Conclusion and Observations

There are two “take aways” from this post that we would like to emphasize.

brms makes it easy to specify Bayesian models that produce probability distributions that fully characterize estimated quantities. There is really no reason to settle for the frequentist point estimates that were the best that could be done before the availability of MCMC engines like stan.
In Bayesian analysis, we use the structural assumption that unidentified population parameters generate individual outcomes that are used to create summaries of these individuals. This means knowing the individuals (or, in our case, sufficient statistics about the individuals) greatly influences our posterior estimates of plausible population parameters.

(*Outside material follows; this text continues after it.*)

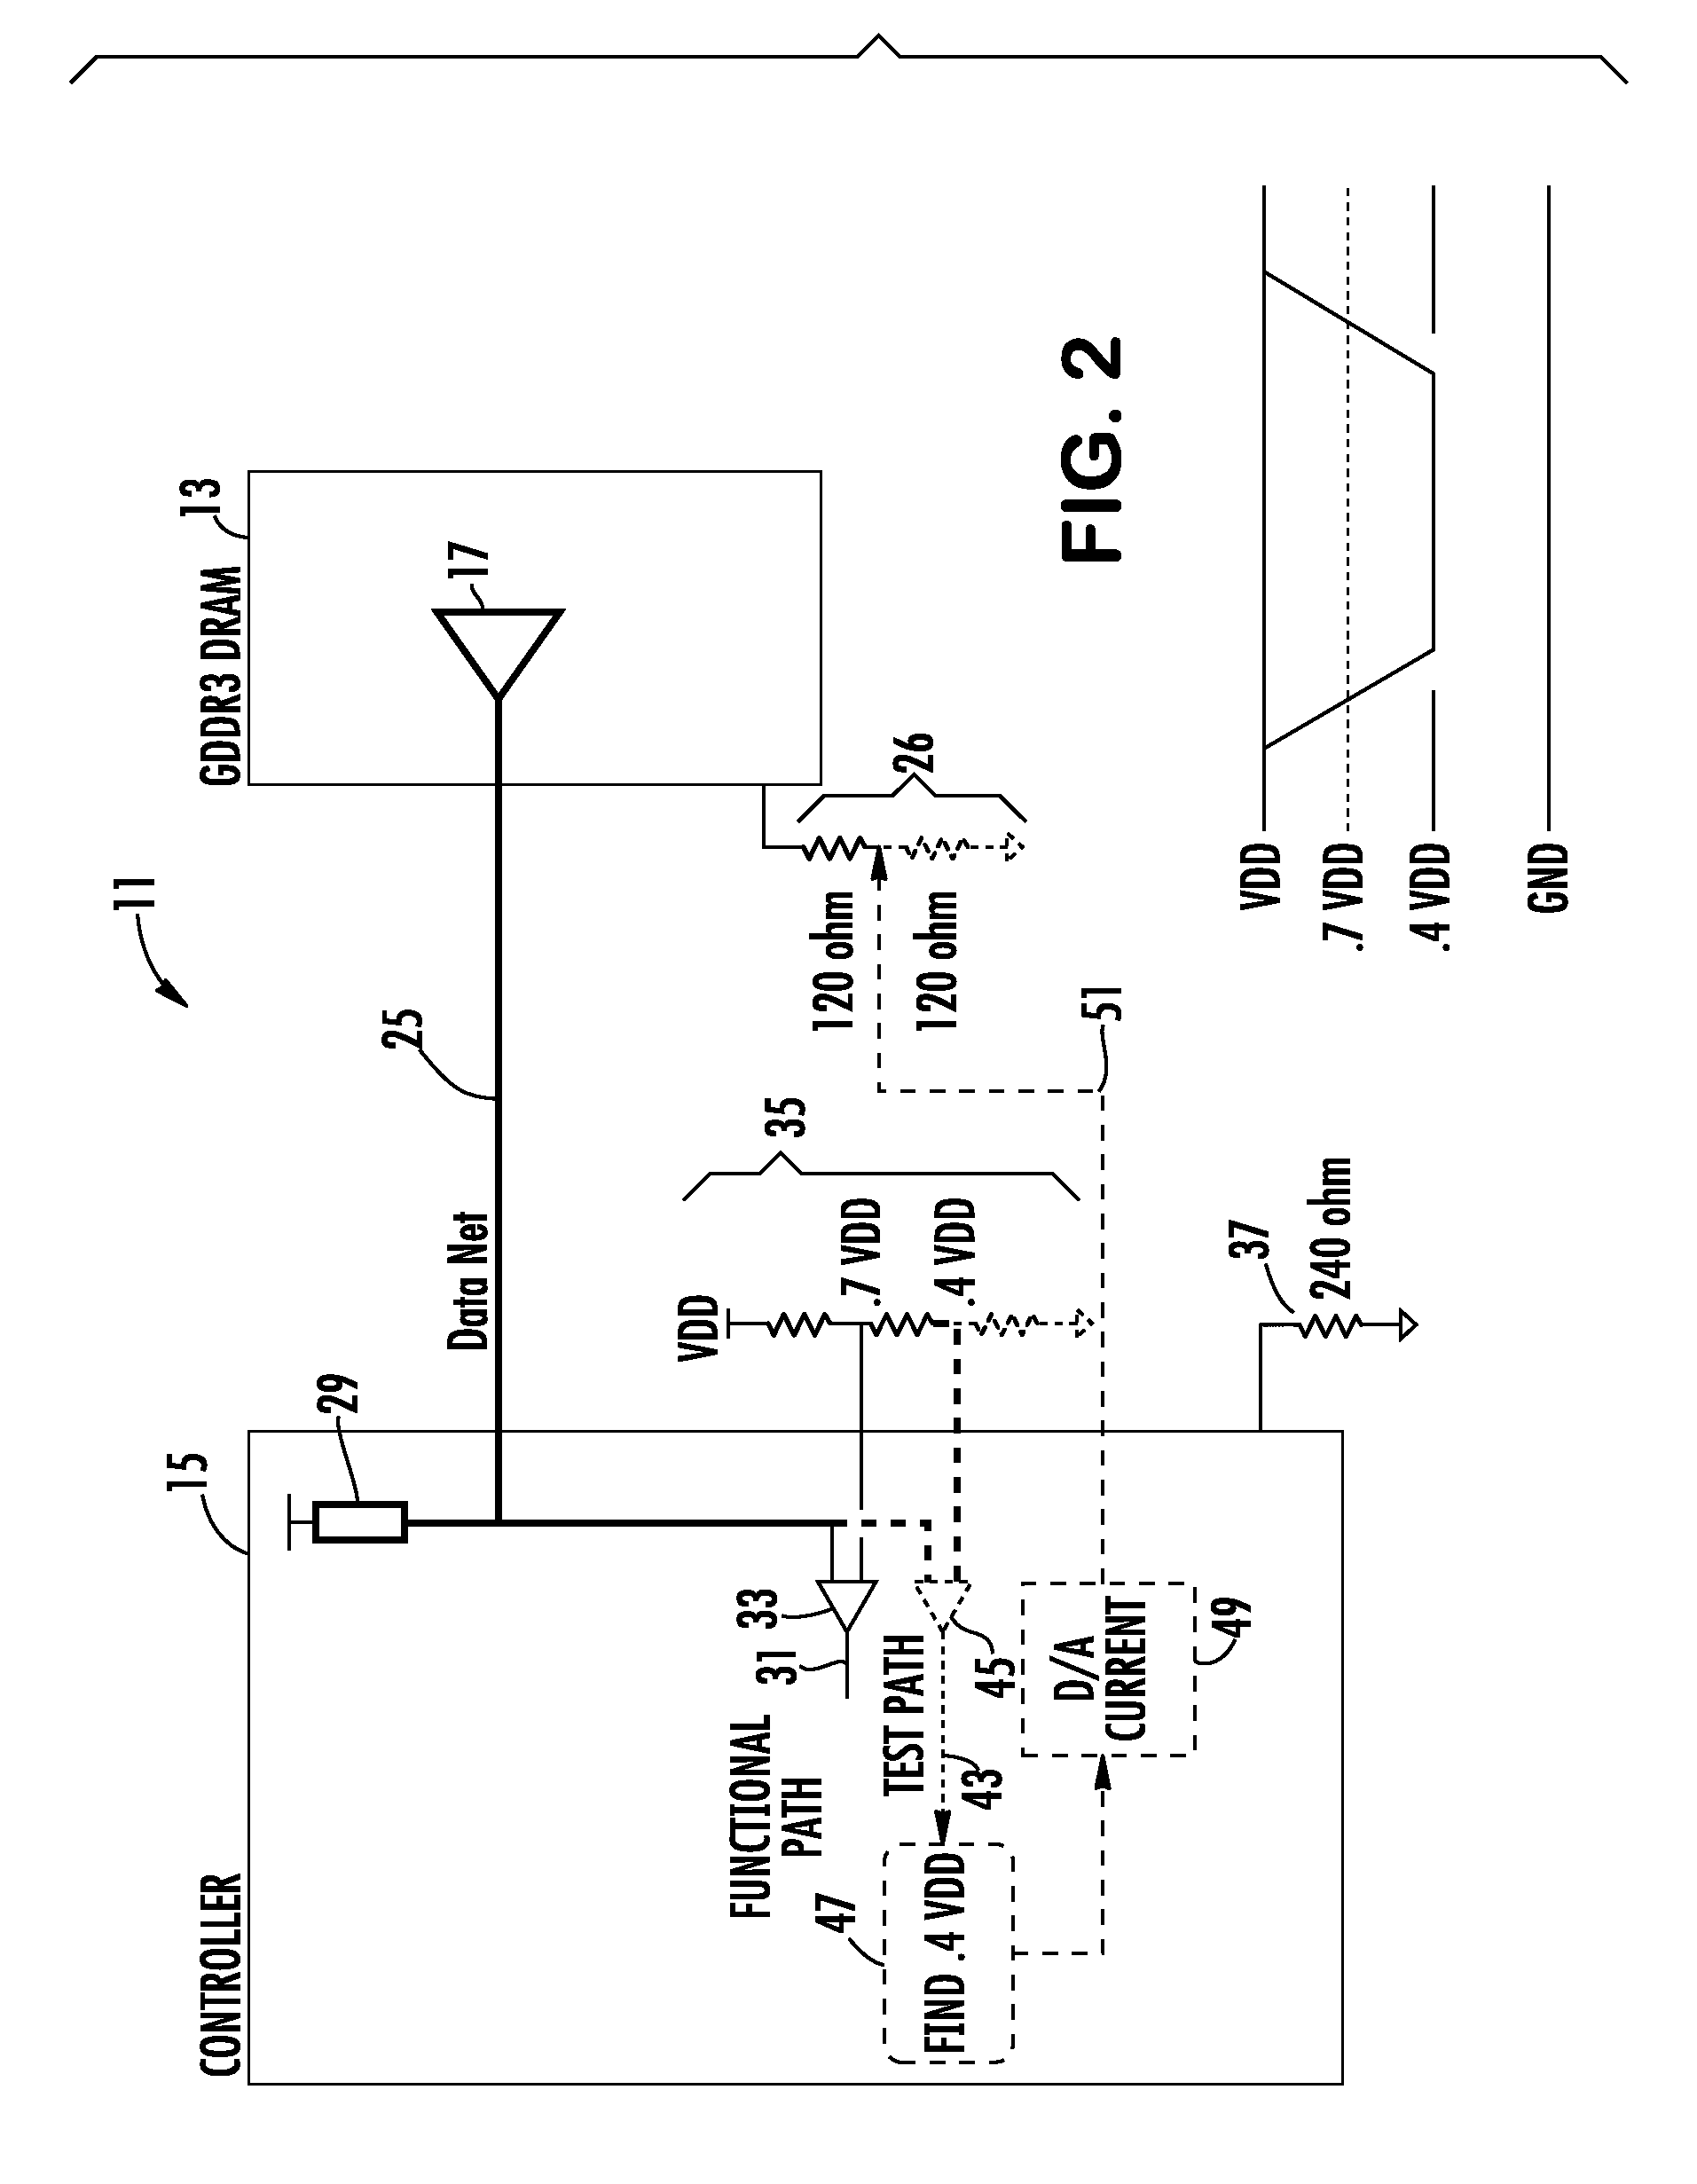 Calibration of Memory Driver With Offset in a Memory Controller and Memory Device Interface in a Communication Bus

With brms we are able to quickly infer the difference between treatment and control in a disciplined and documented fashion.

We would also like to point out that our simple example which is a typical meta-analysis project is a multi-level model built without having patient-level data. If we had the patient-level data from the Amplodipine study, then we might have considered a three-level nested model: subjects within treatment arms within studies. We avoided the first level by not having the data and the second level by directly modeling the difference between treatment arms.

See Details under brmsformula in the brms package PDF.
See Details under set_prior on page 211 of the package PDF.